Assumptions errors	Using false/unrealistic assumptions. Assuming that the cost of resistance is the same across all antibiotics regardless of antibiotic class and the sector of care/assuming that there is a linear relationship between prescribing and resistance; however, in practice, the impact will be lagged, and there may be a nonlinear relationship [32]. Assuming patients received all required/necessary treatments; however, patients may not receive all for various reasons, including disease progression and personal choice [56]. Antibiotics used to treat other Gram-positive and Gram-negative pathogens were assumed to be similar between both groups [55]. Assumed a general medicine ward set up with 20 single bedrooms, which may not be the configuration of all general medicine wards [47]. The assumption is that patients in the treatment completion state have the same health characteristics as the general population [57]. The use of resources in the clinical trial may not represent the actual clinical practice since clinical trials are conducted in a selected population that meets the inclusion and exclusion criteria [58]. Using simplification compared to routine practice: all patients are treated with piperacillin/tazobactam, or all patients are treated with ertapenem [30]. Using unproven assumptions about the mechanism of disease progression [23]. Using a higher number of assumptions [57].

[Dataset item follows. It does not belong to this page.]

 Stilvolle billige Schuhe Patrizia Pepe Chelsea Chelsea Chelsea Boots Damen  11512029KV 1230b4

Errors in cost estimation	Direct cost. limited to the cost of pharmaceutical treatments and the administration of those treatments, not taking into consideration the cost of treating other sequelae of castration-resistant prostate cancer, such as pain, spinal cord compression, or palliative care [56]. Only productivity loss was included, direct cost was missing [25]. Costs associated with prolonged hospitalization due to nephrotoxicity were ignored [35]. Direct nonmedical cost was not included [26,59]. The cost of monitoring vancomycin plasma levels is not included, which is necessary to obtain optimal results with this treatment/treatment costs of adverse reaction outcomes for both products, which could influence the global decision-making process [60]. The cost of treatment-related adverse events was not accounted for in the analysis [45]. Hospitalization costs have not been adjusted for inflation over the ten years [31]. Indirect cost. Did not consider indirect costs [35,59,61,62]. Costs of productivity loss were not considered [42,63,64]. The cost of welfare services was not included [44]. Not considering the additional costs associated with human and health resources of implementing approaches/future health costs associated with improved survival are omitted [49].

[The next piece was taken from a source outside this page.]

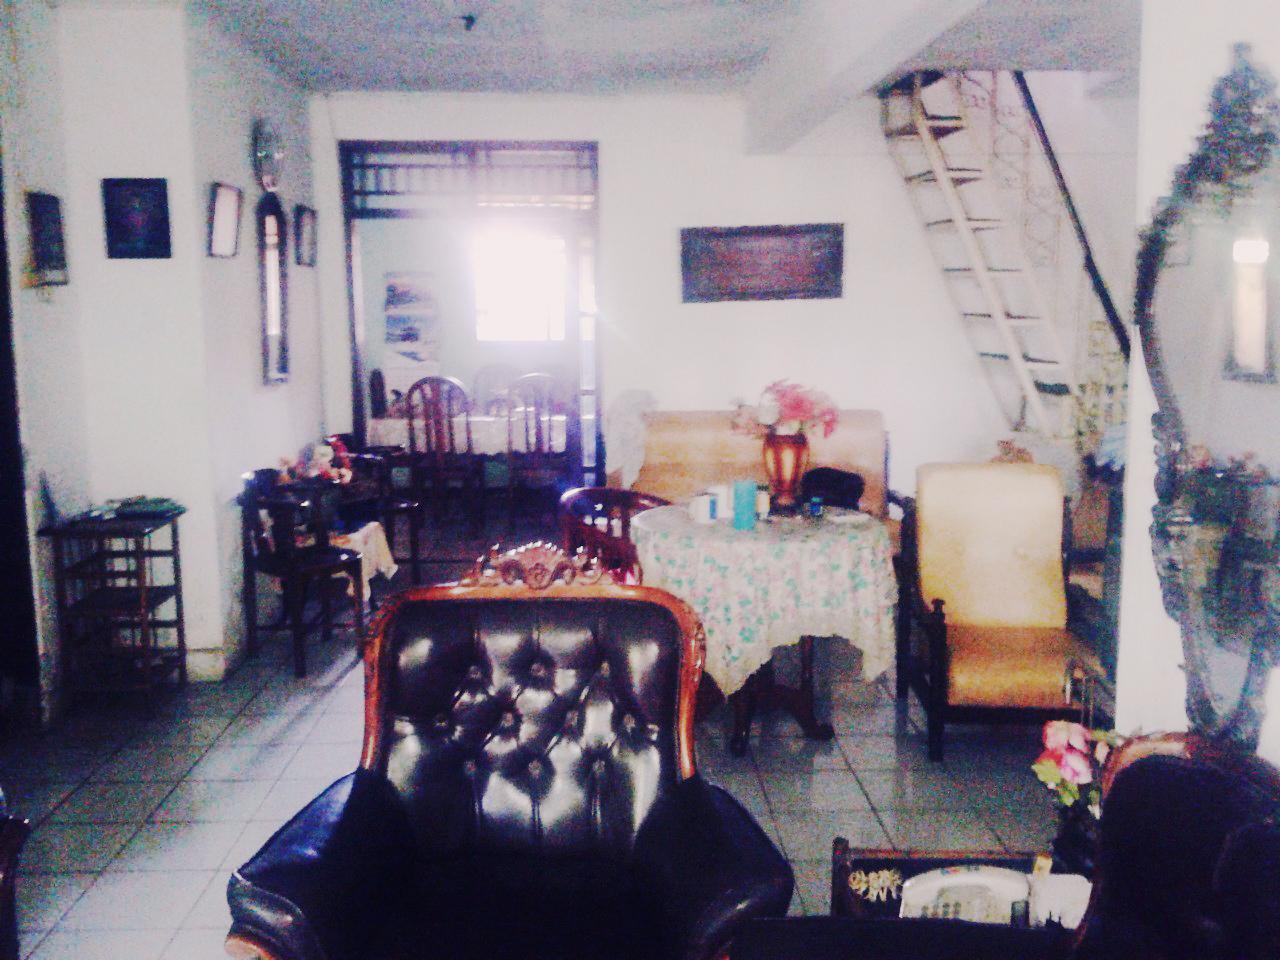 Rumah Bagus Di Permata Hijau, Komp Perindustrian, Kebayoran Lama

Lack of generalizability/standardization of study results to the population	Study results cannot be extrapolated to the patients with severe community-acquired pneumonia, only for the moderate patient population [42]. Lack of generalizability and applicability due to AMR rates constantly changing/generalizable only to England, not other countries [43]. The true cost-effectiveness could differ from the study findings as real-life survival or nivolumab use varies substantially from the values in this study [34]. Findings cannot be generalized for other Chinese provinces and countries due to significant variations in healthcare resources and epidemiology of K. pneumoniae resistance [35]. Cannot be generalizable to other populations as the participants may not represent the typical background of depressed patients in Japan, only for hospitalized patients [44]. Cannot be fully generalizable to hospitals with different care levels or settings in other countries [22]. Study results were restricted to men and the health benefits in men; only the population of men who had sex with men [26]. Generalizability of the results for other races/ethnicities or in other countries may be limited due to the heterogeneity of payer perspectives and the country-specific epidemiologic data used [45]. It is generalizable to other settings where only introducing drug-resistant strains may lead to prolonged outbreaks of typhoid fever [53]. Generalizable only to the population of the study setting, and the applicability of this data to other patients is also limited [62]. The vancomycin dosing used in the study may not reflect real-world dosing practice patterns [29].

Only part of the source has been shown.